7. Find the guide star in the image. You may have to paddle around a little. If the rotator is at zero, the image has north at the top and east to the left. [If you're trying to match the pattern in the guide star cartoon, note the directions indicated in the cartoon.]
8. Using the hand paddle, move the telescope to put the guide star in the box you marked earlier.
9. If you're concerned that you may not have the right guide star, you can select another guide star and move the guide probe to it. It should land right in the box.
10. Once you're confident of your centering, stop taking exposures with the Maxim-DL Stop button, select the Guide tab, and the Track radiobutton; then press Start to start guiding.
11. If there is fine adjustment to be done -- e.g. for getting a star into a spectrograph slit -- then it can be done using the dx: and dy: entry boxes in xmis. Note that the OSMOS has an elaborate centering sequence built around this.
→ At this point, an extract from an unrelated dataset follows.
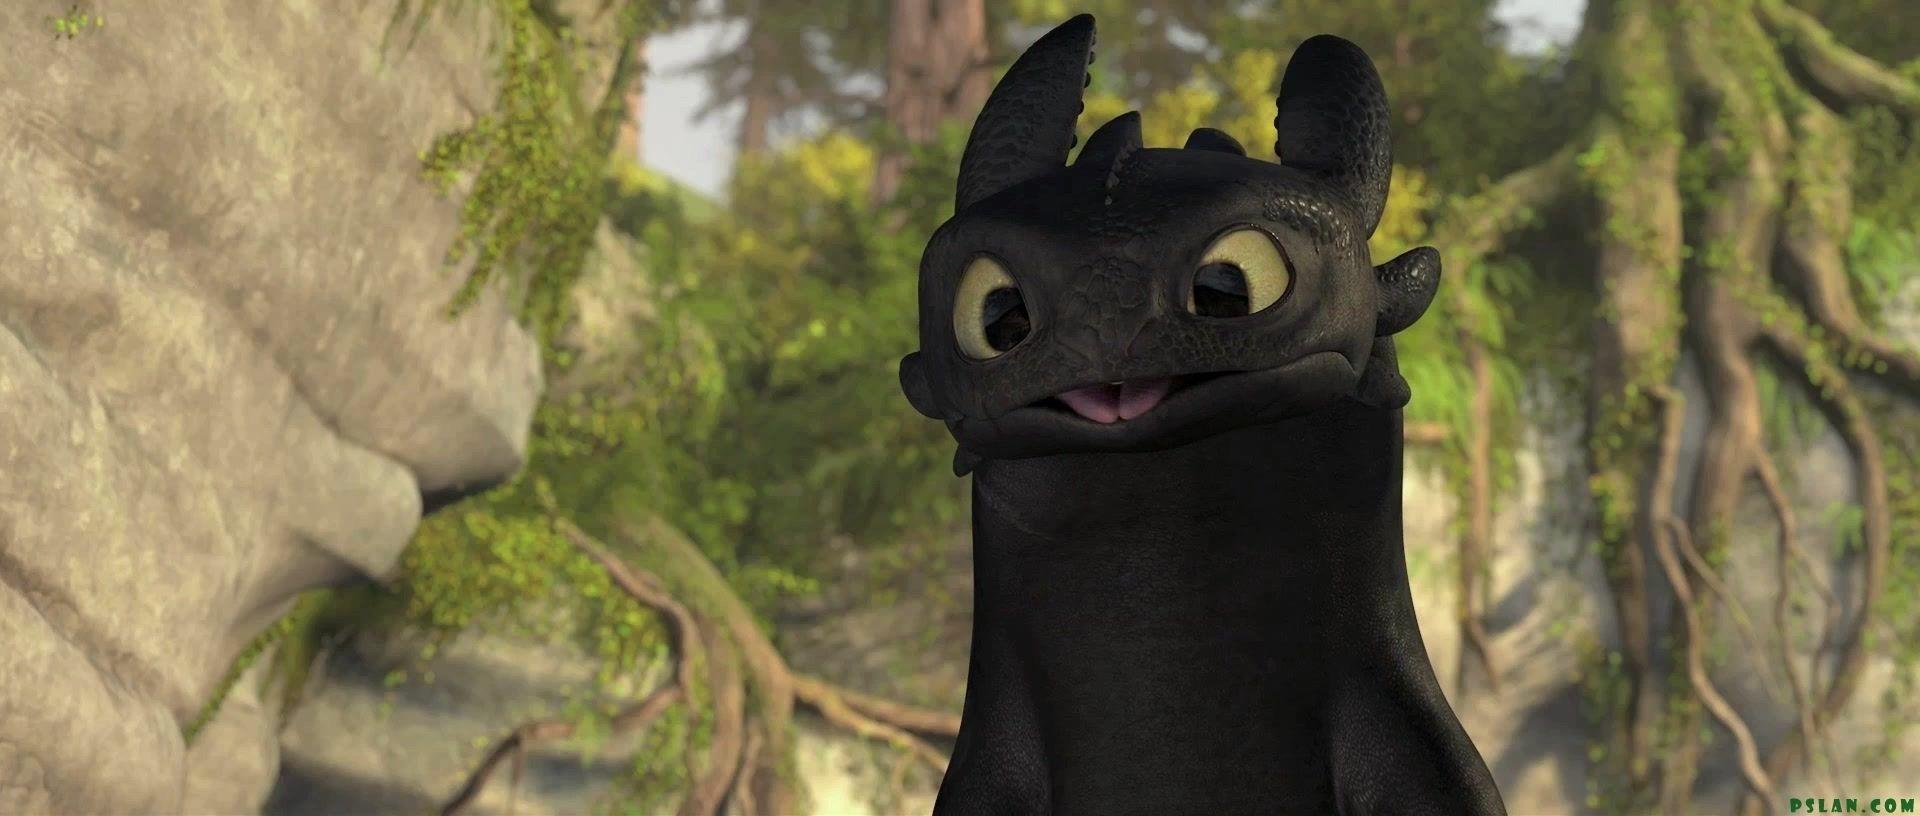 Toothless True Fanclub image Great pic of Toothless HD wallpaper

    Miscellaneous oddities etc.

    Guide star coords are not with respect to full frame. I've seen Maxim get into a state where it reads a subframe while guiding, and then the guide star coordinates are not with respect to the full frame. In principle it's faster to read a subframe, but in practice the read is fast enough that it makes no difference. To cure this, In the guide tab, in the Settings pop-up window, lower right side, in the Exposure Settings sub-box, hit the Reset button, and then the OK button so that it 'takes'. It may not look as if it has, if you've zoomed the guider image display to see only the guide box; just de-zoom with the mouse wheel to see the whole field.